Rainier Masa, an assistant professor, was selected to attend the Center for AIDS Research (CFAR) Social and Behavioral Sciences Research Network Mentoring Day. The conference, held in Miami Oct. 18-21, provides early career investigators an opportunity to meet with senior-level researchers to share and receive one-on-one mentorship. The daylong orientation also provides a variety of seminars tailored to the mentees’ needs, including crafting a successful NIH grant, mechanisms for support for early career and transitional investigators, HIV research priorities and a brief review of HIV prevention research. During the conference, Masa also presented a poster on the “Effect of a Livelihood Intervention on Food Security of People Living with HIV in Rural Zambia.” This poster was co-authored by Gina Chowa and Victor Nyirenda.
Congratulations to our staff members who have earned Star Heel recognition for excellence in service to their division and to the University. Carolyn Adams, John Anderson, Cindy Justice, Ruth Morgan and Diane Wyant were named as Star Heels for fall 2016 (John, Cindy and Ruth are pictured here). Thanks for all that you do!
Sara Harwood Mitra, research project manager for Global Social Development Innovations, represented GSDI for two poster presentations at the 144th annual meeting of the American Public Health Association in Denver, Colo., Oct. 29-Nov. 2. Rainier Masa and Gina Chowa, associate professor and director of GSDI, authored the posters, “Food insecurity and sexual risk taking among adolescent girls and boys in Ghana,” and “Food insecurity and parent-youth relationship in Ghana.”
Rebecca Macy, the L. Richardson Preyer Distinguished Chair for Strengthening Families, participated in an invited, national meeting on Nov. 11, in Washington, D.C., focused on advancing community-based participatory research methods in the development of intimate partner violence studies and evidence. The meeting was hosted by the National Resource Center on Domestic Violence, which works to improve community response to domestic violence and, ultimately, prevent its occurrence.

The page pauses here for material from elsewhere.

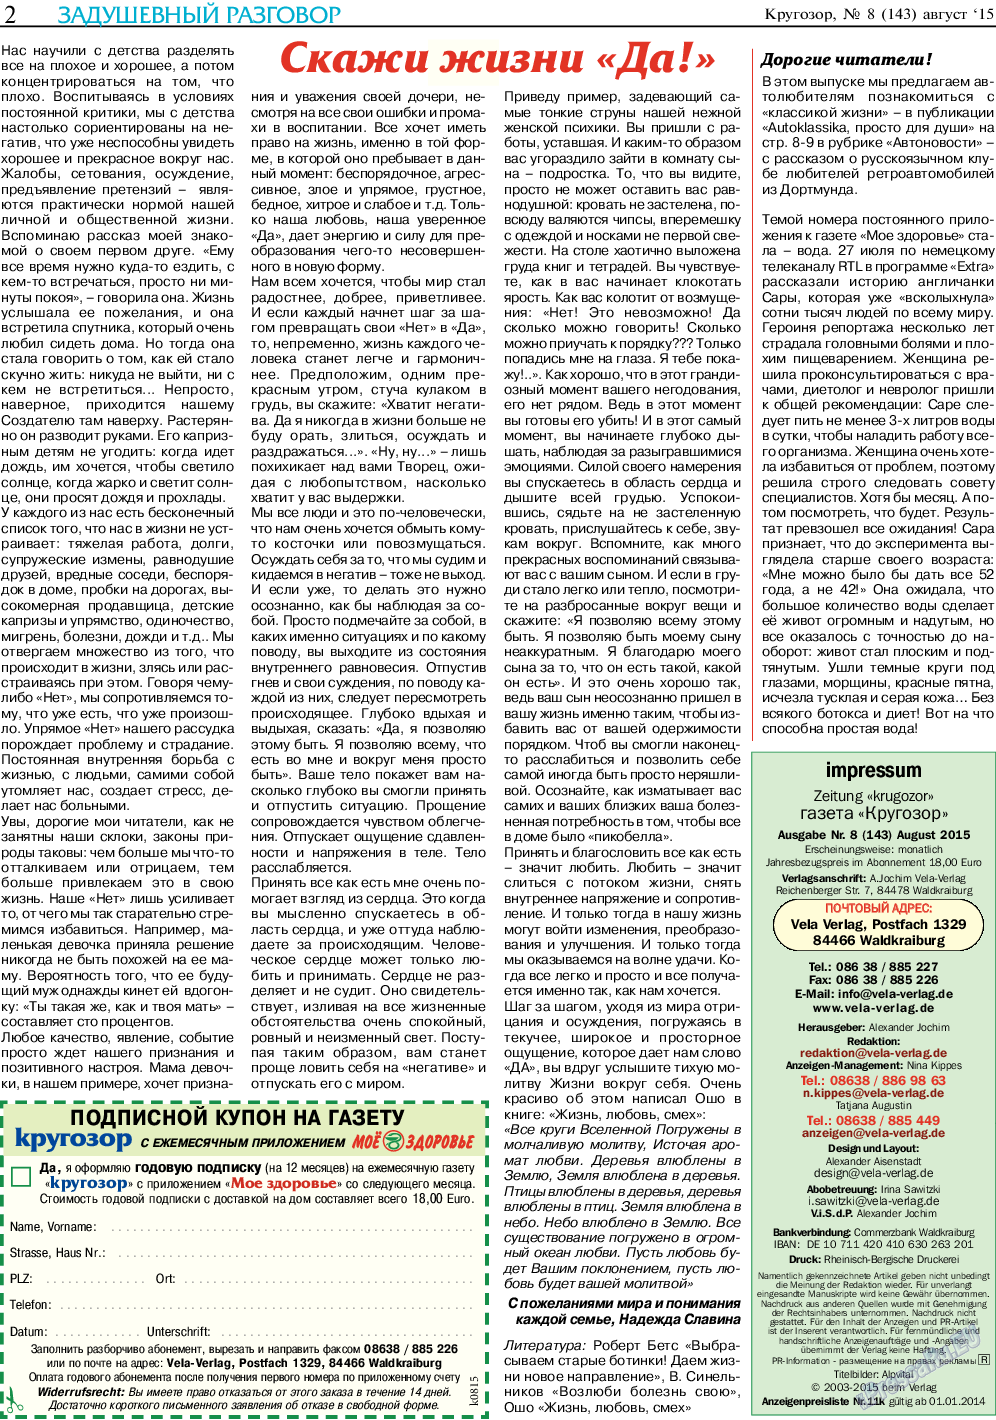 Кругозор, газета. 2015 №8 стр.2
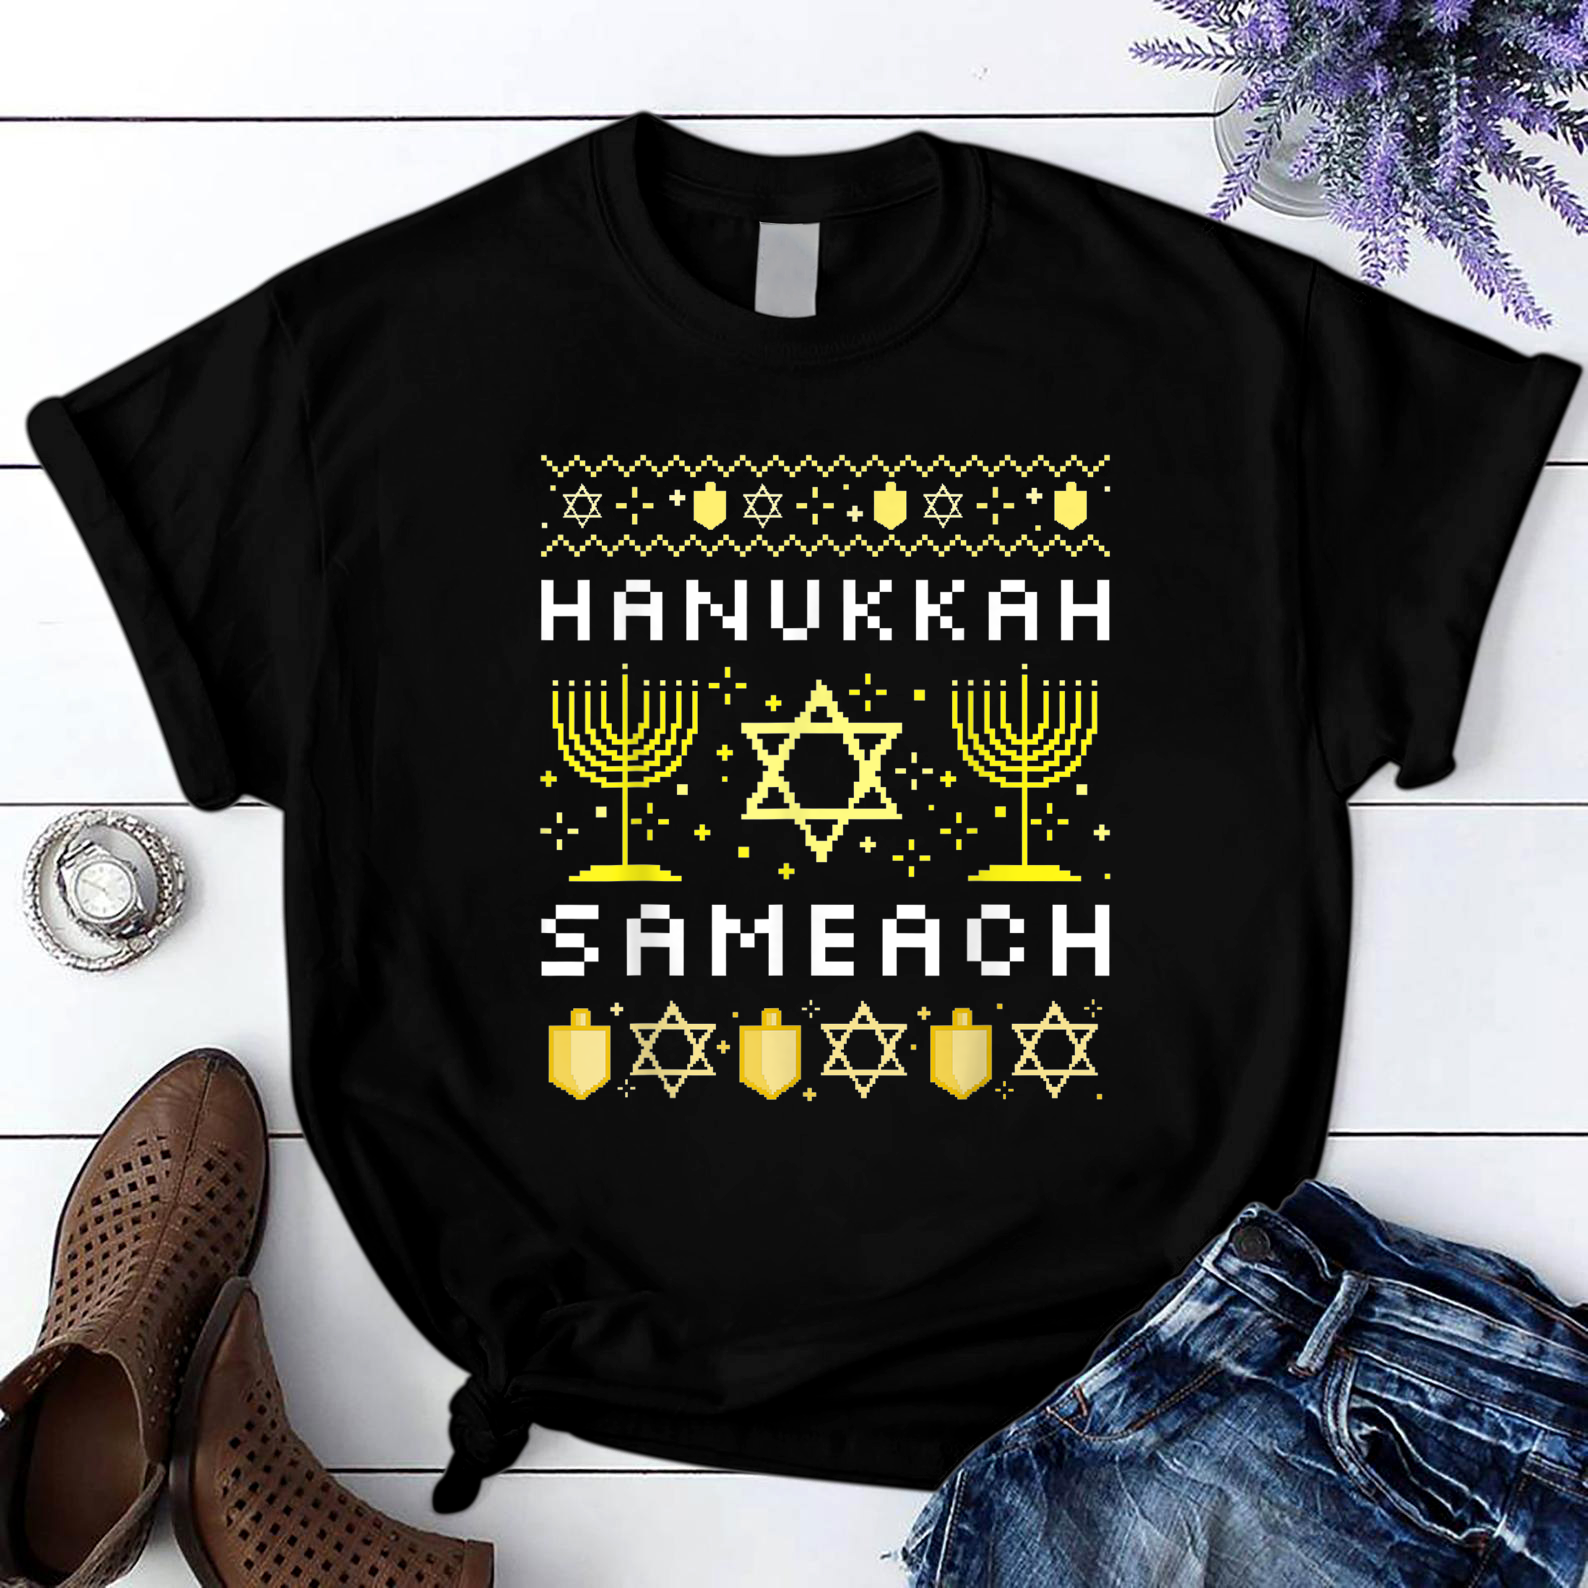 Hanukkah Sameach Happy Hanukkah Jewish Holiday Greetings T Shirt Black Unisex S-6XL

Several years ago, the School of Social Work deemed November “Wellness Month” as a reminder that professional self-care is a survival skill for social workers and social work students. To help students alleviate stress, the School’s Office of Student and Academic Affairs provided additional support over the past few weeks, including healthy snacks, hot teas, and hot chocolate. In addition, students were encouraged to take occasional breaks from their many assignments and participate in activities such as mindful coloring or a game of cornhole. Thanks to Annie Francis, coordinator of student affairs, and to MSW students Britnie Hopkins, Bethany Bivens and Megan Cooper for helping to coordinate the many activities.